Zentrales Merkmal im Knast ist der Faktor Zeit. Sie rumzukriegen und ständig auf der Hatz zu sein, irgendeine kleinste Verbesserung der Lebensbedingungen zu erreichen, ist alles, was im Knast abläuft. Der Tagesablauf ist eintönig und absurd. Um 5.45 Uhr wurde per Piepston aus dem Zellenlautsprecher geweckt. Um 6 Uhr ging die Tür auf und Frühstück wurde gereicht. Wer da wieder eingeschlafen war, ging leer aus. Zu dritt teilten wir uns den Morgendienst aber so ein, daß wir es nie verpaßten. Wer noch nicht richtig angezogen war, bekam auch nichts – aber irgendwie fand ich beim Nachdenken immer, daß es falsch ist, die einzelnen Absurditäten aufzuzählen, weil dahinter verborgen wird, daß alles absurd ist. Um 9.15 Uhr begann der einstündige Hofgang für unseren Trakt, ca. 30 Menschen lagen in der Sonne, die meist schien, oder gingen im Kreis. Einige spielten Schach oder joggten. Ich fand nur zögerlich Kontakte zu den Menschen, dann aber konnte ich intensive Gespräche über Knastalltag und die „Knastkarrieren“ führen.

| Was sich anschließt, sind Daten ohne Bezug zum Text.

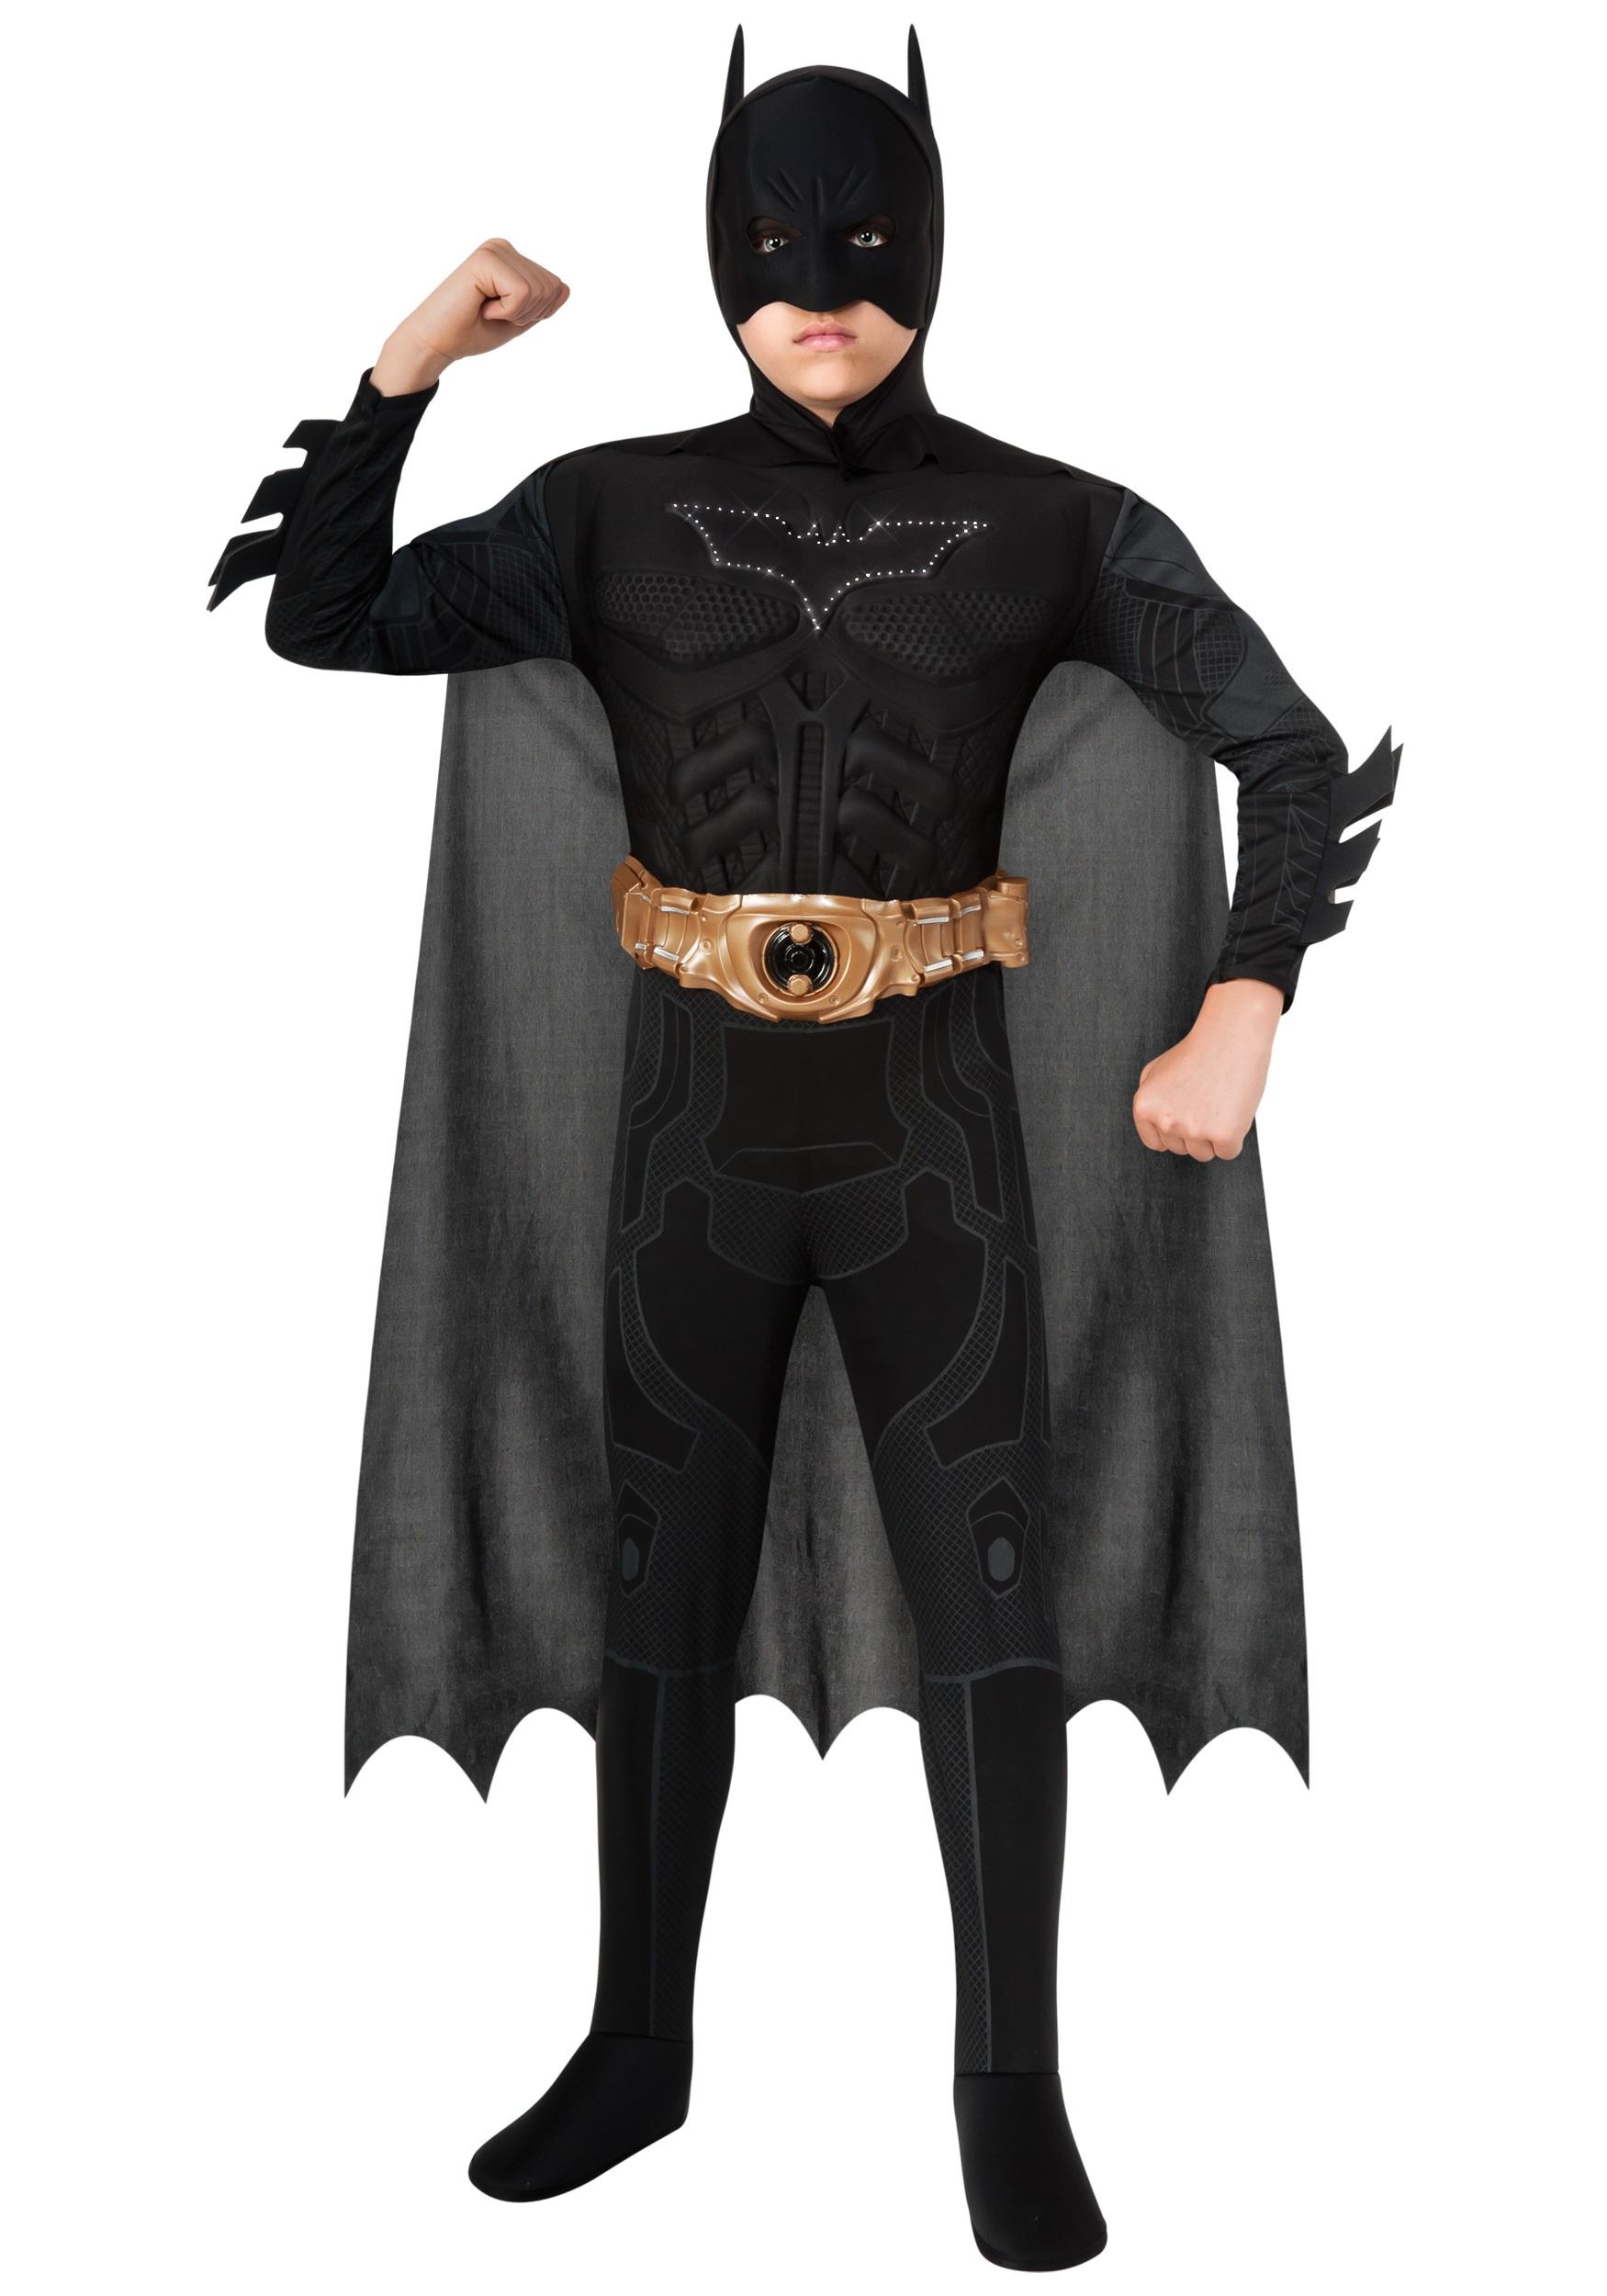 Batman Costumes & Suits For Halloween - HalloweenCostumes.com

Um 11 Uhr gab es Mittag, immer konnte mensch vegetarisch bestellen – und das war meist auch das relativ beste. Fleischkost hieß hier „Normalkost“, Standardisierungen, das Erklären von „normal“ und nicht normal gehört zu den Herrschaftsmustern dieser Welt. Zwischen 14 und 15 Uhr folgte das Abendessen. Mehr als diese viermal öffnete sich die Zellentür nicht, es sei denn, ein Neuzugang kam für eine Nacht in die Zelle oder jemand bestellte eine Kopfschmerztablette – weil der Kopf dröhnte oder die Langeweile nicht mehr auszuhalten war.
Am Sonntag war dann alles gaaaaaaanz anders. Frühstück um 7 Uhr, Hofgang erst nach dem Mittag. Am Samstag gab es für den fernseherlosen Erdgeschoßbereich einen Videofilm auf dem Gang – passend ein platter Ballerfilm von einigen Knastausbrechern, die einen Zug kapern. Sonst in Stammheim nichts Neues.